Захар Прилепин: «Консерватизм входит в жесточайшее противоречие с либерализмом как таковым»
- Как вы понимаете Консерватизм? Возможно его реализовать в современной России?
Захар Прилепин: Вопрос про консерватизм огромный и на эту тему не один десяток книг написано, но умствовать ложно я здесь не буду, потому что по сути это апелляция к базовым ценностям, которые были характерны для России в течение тысячи лет. Я не думаю, что страна стоит сегодня в той ситуации, когда мы должны каким-то парадоксальным образом переориентировать свое сознание, свой язык и свое географическое пространство.
Россия остается империей с русскими как центробразующим народом, с православной религией в качестве в одной из важнейших систем, становых хребтов этого народа и при всем этом с такой цветущей сложностью и возможными влияниями соседствующих и дружелюбных по отношению к нам культур. Это основные вещи, на которых строилась Россия, Русь и те основания, от которых нам не убежать, не разломив эту географию евразийскую на ничтожные куски.
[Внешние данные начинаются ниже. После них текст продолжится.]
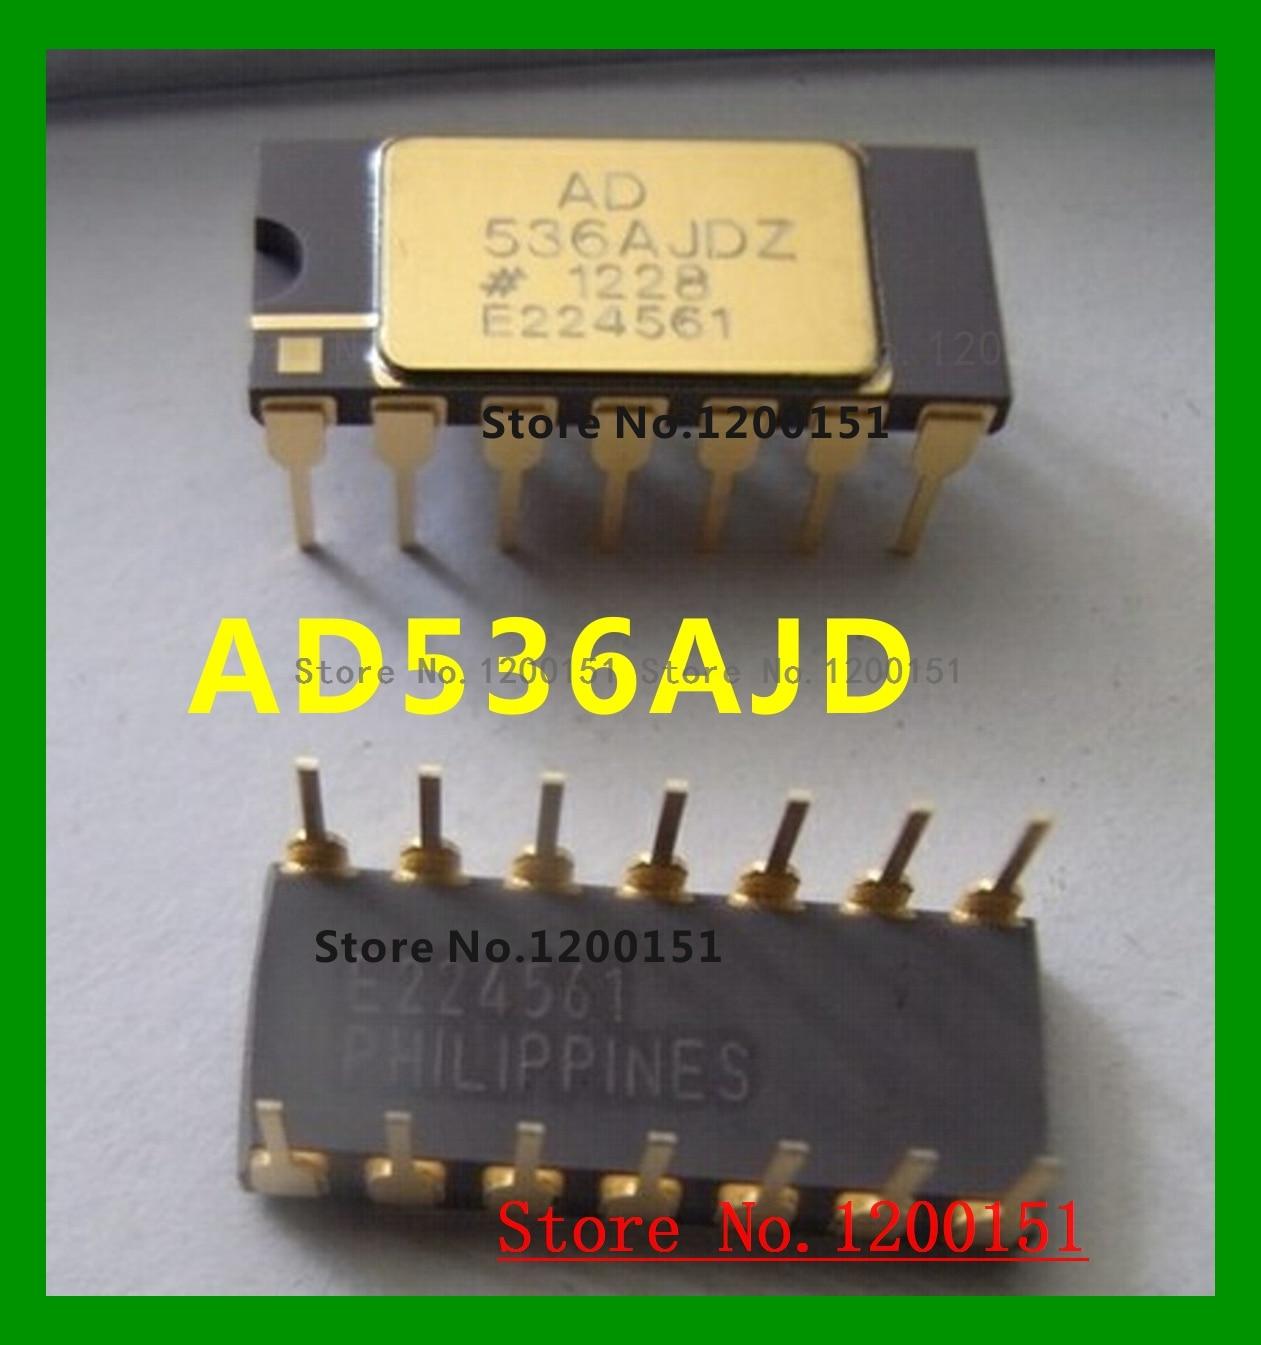 AD536AJD CDIP-14 AD536AJH PODE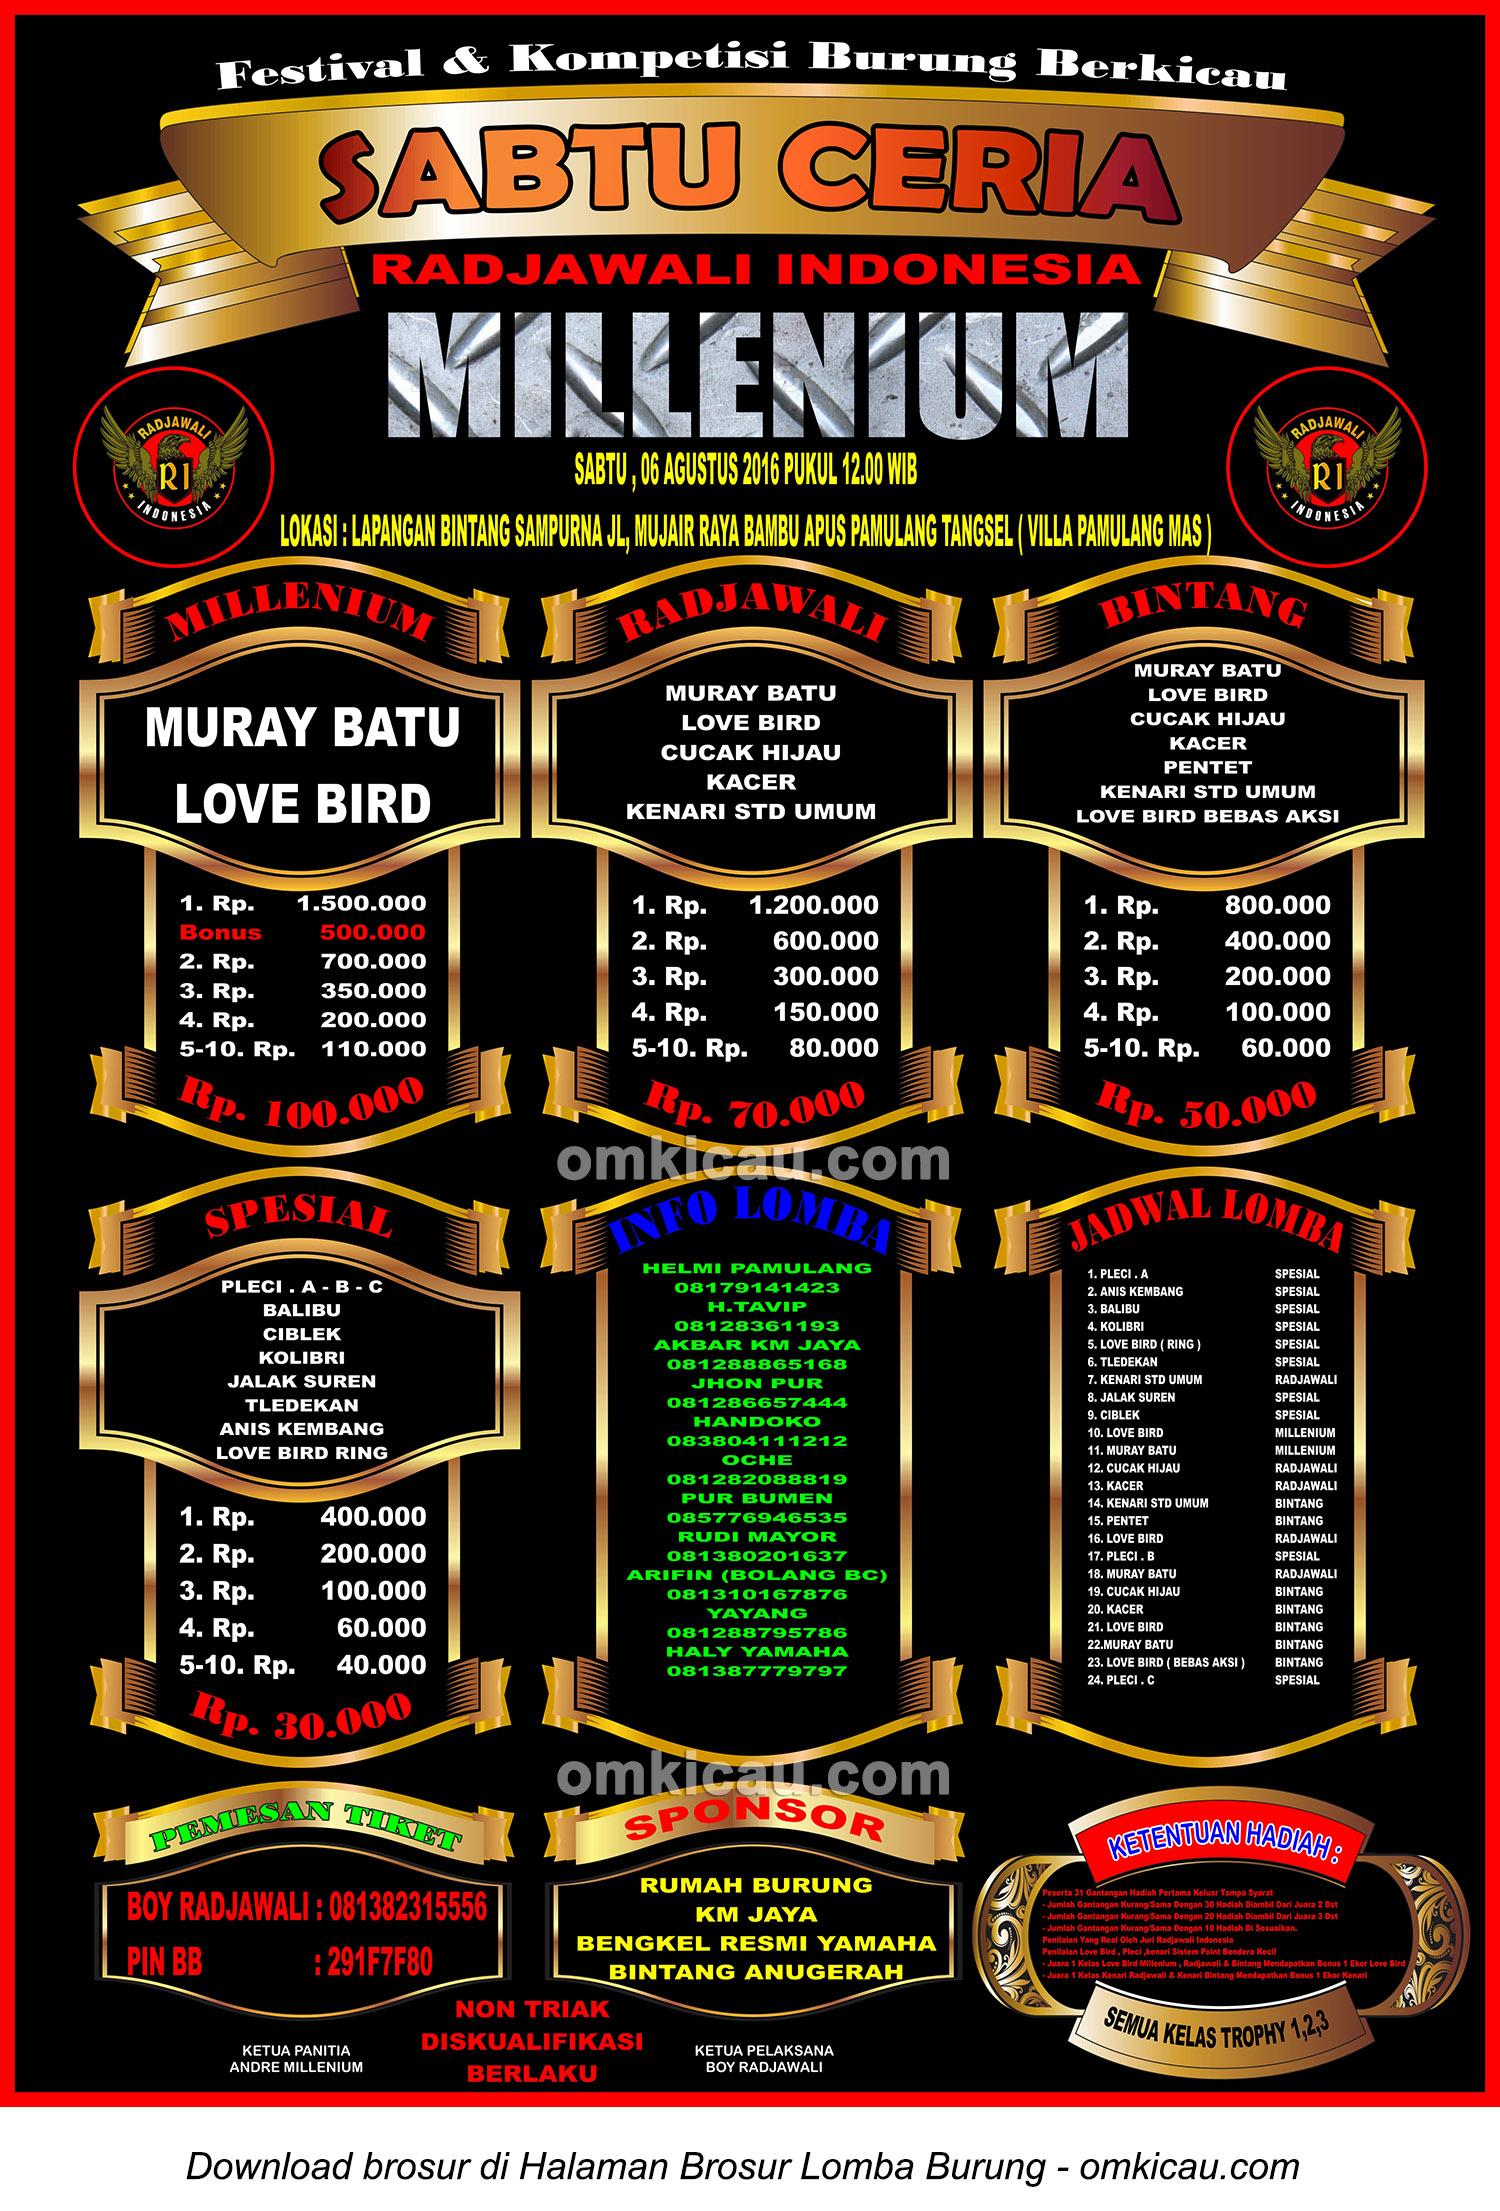 Brosur Lomba Burung Berkicau Sabtu Ceria Millenium, Tangerang Selatan, 6 Agustus 2016

Другой вопрос, что совершенно очевидным образом консерватизм входит в жесточайшее противоречие с либерализмом как таковым. Я под либерализмом не понимаю свободу выбора, свободу избрания парламента и прочие демократические радости. Я под либерализмом понимаю ту социал-дарвинистскую модель в экономике и отчасти в социуме, которая в России реализуется. Которая также характерна для многих мировых стран, которые вляпались в эту либеральную историю. Либерализм противоречит русскому традиционализму, русским базовым ценностям. И дальнейший шаг по сохранению консерватизма возможен только в сочетании со взломом действующей политической машины в России.
- Актуальна ли в настоящее время идеология?
Захар Прилепин: Я просто думаю, что у России нет задачи придумывать идеологию каждые 30, 15 лет или каждые полгода. Потому что если оглянуться на историю страны, то выяснится, что было несколько идеологий, которые задавали вектор развития не на сто, а даже на сотни лет вперед. Например, Москва-Третий Рим монаха Фелофея, потом не вступающее с ней в противоречие "Православие, Самодержавие, Народность" Уварова, потом появилась коммунистическая модель, которая тоже, как выяснили национал-большевики, (я имею ввиду философскую школу национал-большевизма, а не собственно нас самих) не вступило в жесткие противоречия с прежними вот этими идеологическими составляющими. В итоге вот три основных идеологии мы можем наблюдать на тысячелетнюю историю России. Поэтому необходимость выдумывания сегодня идеологии нет никакой. В России другая совершенно проблема, это тотальное отчуждение риторики от практики, когда транслируются одни смыслы, а все что делается руками, вступает в диссонанс.
Поэтому базовые ценности и так всем очевидны, совершенно понятно, что если у нас не будет новых детей - не будет новых людей, рабочих мест для этих людей, не будет производства, не будет прорывов в промышленности и в культуре, не будут поставлены собственные русские ценности в качестве приоритета над общемировыми ценностями и прочей толерантностью, то совершенно очевидно, что мы из этого не выйдем никогда. Поэтому никакой идеологии не надо придумывать, все и так очевидно. Вопрос власти - куда более важен, чем вопрос идеологии.
- В России одна за другой появляются новые политические партии. Увидим ли мы вас в каких-либо политических проектах?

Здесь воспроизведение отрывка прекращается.